The human F-Box DNA helicase FBH1 faces Saccharomyces cerevisiae Srs2 and postreplication repair pathway roles.
The Saccharomyces cerevisiae Srs2 UvrD DNA helicase controls genome integrity by preventing unscheduled recombination events. While Srs2 orthologues have been identified in prokaryotic and lower eukaryotic organisms, human orthologues of Srs2 have not been described so far. We found that the human F-box DNA helicase hFBH1 suppresses specific recombination defects of S. cerevisiae srs2 mutants, consistent with the finding that the helicase domain of hFBH1 is highly conserved with that of Srs2. Surprisingly, hFBH1 in the absence of SRS2 also suppresses the DNA damage sensitivity caused by inactivation of postreplication repair-dependent functions leading to PCNA ubiquitylation.
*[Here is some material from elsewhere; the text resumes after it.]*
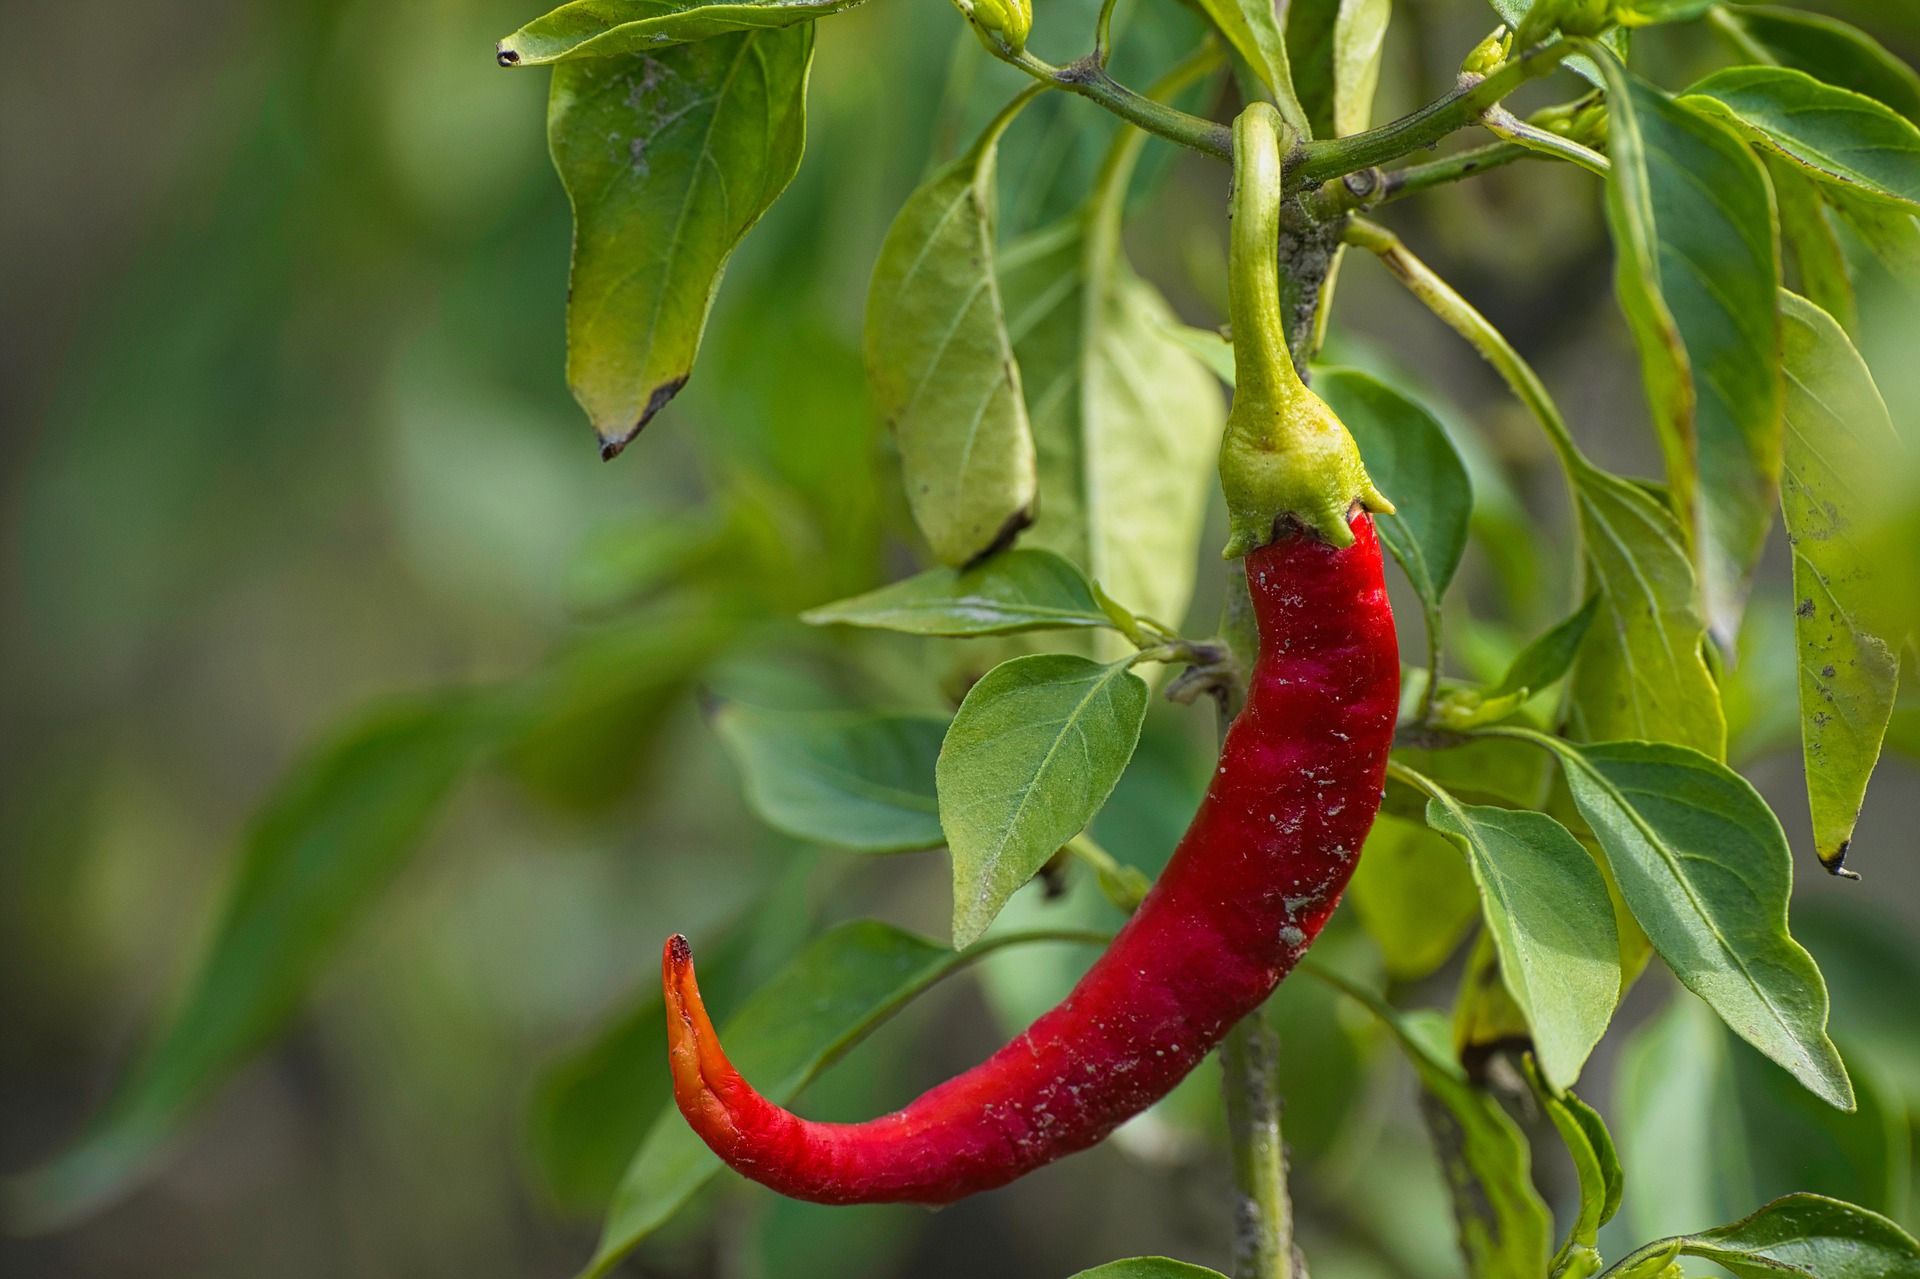 Chili pepper plants

The F-box domain of hFBH1, which is not present in Srs2, is crucial for hFBH1 functions in substituting for Srs2 and postreplication repair factors. Furthermore, our findings indicate that an intact F-box domain, acting as an SCF ubiquitin ligase, is required for the DNA damage-induced degradation of hFBH1 itself. Overall, our findings suggest that the hFBH1 helicase is a functional human orthologue of budding yeast Srs2 that also possesses self-regulation properties necessary to execute its recombination functions.[1]References
- The human F-Box DNA helicase FBH1 faces Saccharomyces cerevisiae Srs2 and postreplication repair pathway roles. Chiolo, I., Saponaro, M., Baryshnikova, A., Kim, J.H., Seo, Y.S., Liberi, G. Mol. Cell. Biol. (2007) [Pubmed]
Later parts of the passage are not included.